Evidence of a lost prehistoric civilisation?
Proof of an ancient super-race?
Alien intervention?
A fingerprint of the gods?
Turns out, it’s just human ingenuity learnt from the “school of hard knocks”.
But it took more than a century for modern science to figure out the properties that give its iron – a material that rapidly rusts away when exposed to the elements – its uniquely resistant character.
A new study has pulled together all the evidence extracted from its structure in a bid to understand the complex chemistry at work beneath its dull grey surface and cast new light on how it was made.
“The pillar, renowned for its craftsmanship, flawless surface and resistance to corrosion behaviour, is a prominent monument demonstrating an indisputable record of the ancient Indian metallurgical and engineering marvel,” the researchers write.
Ancient origins
“In the center of the mosque is the awe-inspiring column of which nobody knows of what metal it is constructed,” the traveller Ibn Battista wrote of his visit to Delhi about 1333 AD. “One of their learned men told me that it is called “Haft Jûsh”, which means ‘seven metals’, and that it is composed of these seven. A part of this column, of a finger’s length, has been polished, and this polished part gives out a brilliant gleam. Iron makes no impression on it.”
It stands about 7.3m tall and 41.6cm in diameter at its base, tapering to about 30.5cm with the ornamental structure at its top. It’s made of solid wrought iron weighing 6.5 tonnes.
And it has been dragged across India several times over the centuries as loot from battles of conquest.
One account states that the Delhi-based Sultan Iltutmish had the Iron Pillar removed after sacking the Hindu city of Madhya Pradesh in 1228 AD.

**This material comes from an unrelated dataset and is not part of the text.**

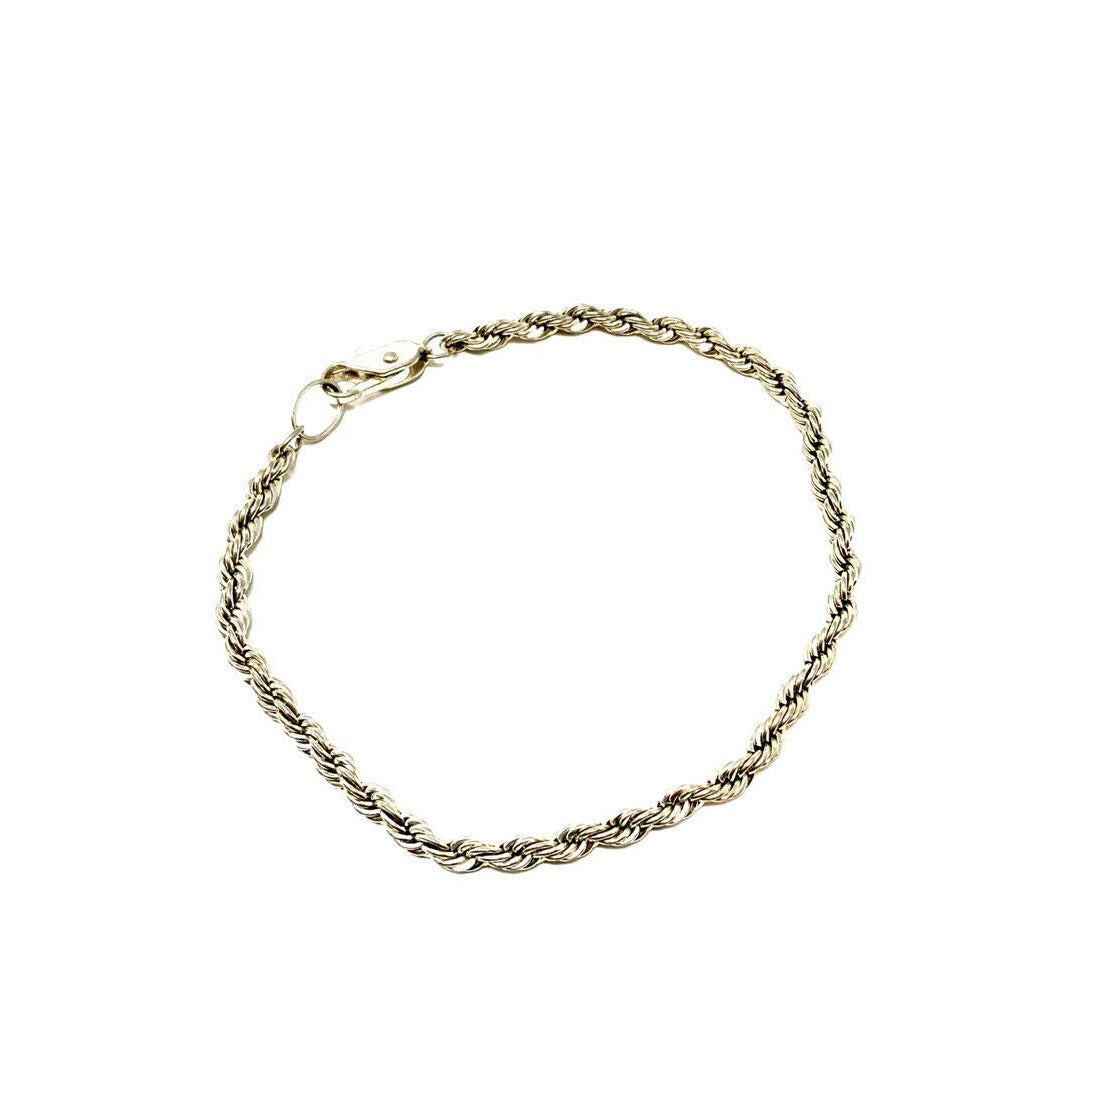 Silver-Tone Twisted Rope Chain Bracelet

Another tradition describes the Hindu Tomara Dynasty king Anangapala II taking it as a trophy of war and moving it to Delhi in around 1050AD. But the pillar itself is much older than that.
Several inscriptions have been etched on its surface. The oldest – a six-line verse – is in the ancient Indian language Brahmi. It names a king called Chandra.
Was this the Gupta Dynasty King Chandragupta II Vikramaditya (375 to 415AD)?
Or Emperor Chandragupta Maurya (350 to 295 BC)?
Researchers say the poetic writing style and form of Sanskrit text used in the inscription are most likely from the reign of the Gupta king.
The inscription describes Chandra dedicating the pillar as a “Vishnudhvaja” – a banner pole for the god Vishnu – and erecting it at a site named “Vishnupada” (translating to “a hill with the footprint of God Viṣṇu”).
Where this was remains uncertain. Though it is generally argued to have been among the Udayagiri cave temples in Madhya Pradesh.
Metallurgical marvel
India’s ancient metal smiths purified their ironwork to a remarkable 98 per cent. Exactly how they did so was a closely guarded secret, jealously protected by a few communities and handed down through generations of the same families.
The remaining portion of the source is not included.